Par offre (technologie (logiciel/conducteur virtuel, capteurs et kit informatique), conducteur à la demande), niveau d'autonomie (niveau 4 autoroute, niveau 4 hors route/industriel) ; application (transport de marchandises longue distance, industrie/hors route, logistique de défense, ports/gares) ; modèle commercial (conducteur à la demande, flotte/transporteur en propre) ; utilisateur final (transporteurs et expéditeurs, pétrole et gaz/mines, défense, prestataires logistiques) — Taille du marché, dynamique du secteur, analyse des opportunités et prévisions pour 2026-2035
Le marché des camions autonomes est estimé à 2 milliards de dollars en 2025 et devrait atteindre 61 milliards de dollars d'ici 2035, avec un taux de croissance annuel composé (TCAC) de 40,7 % sur la période prévisionnelle 2026-2035.

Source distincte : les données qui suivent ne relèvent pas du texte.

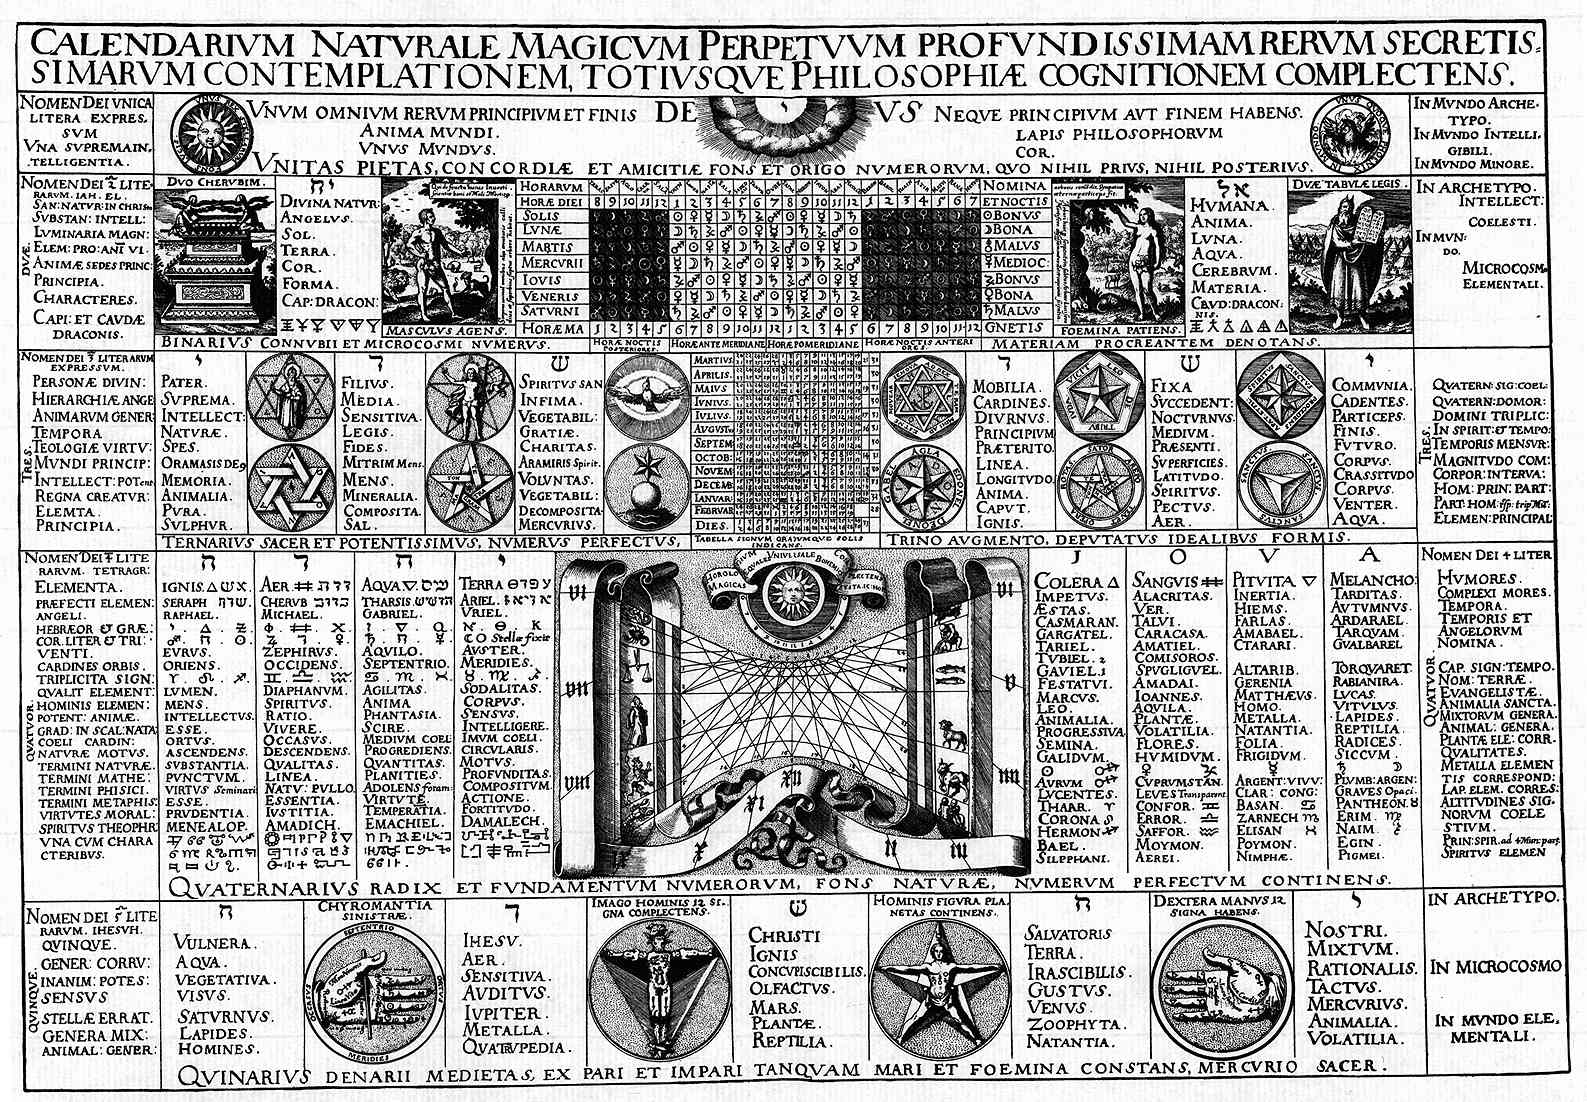 Calendarium Naturale Magicum Perpetuum 1
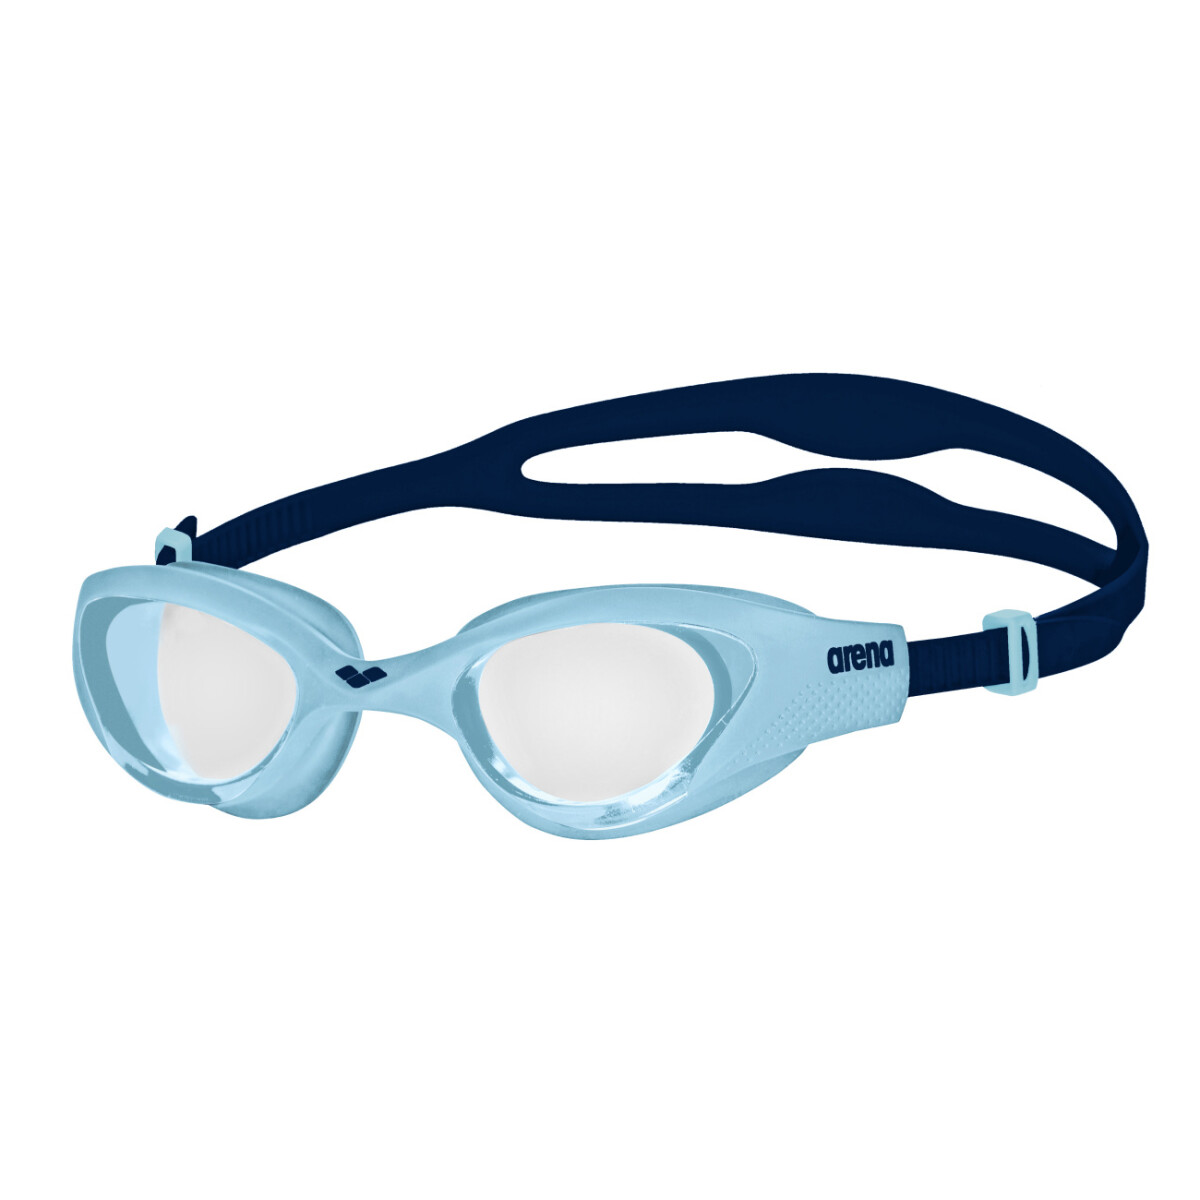 Lentes De Natacion Para Niños Arena The One Junior Goggles (6 a 12 años) - Transparente, Cyan y Azul

Le transport routier autonome utilise des technologies de conduite autonome (logiciels, capteurs et ordinateurs de bord) pour le transport de marchandises sans conducteur sur de longues distances, ainsi que pour la logistique industrielle et de défense, généralement via des modèles de chauffeur à la demande. Ce marché englobe les revenus générés par les technologies et les services liés aux camions autonomes. Il exclut les camions conventionnels équipés de systèmes d'aide à la conduite (ADAS) et les robotaxis pour le transport de passagers.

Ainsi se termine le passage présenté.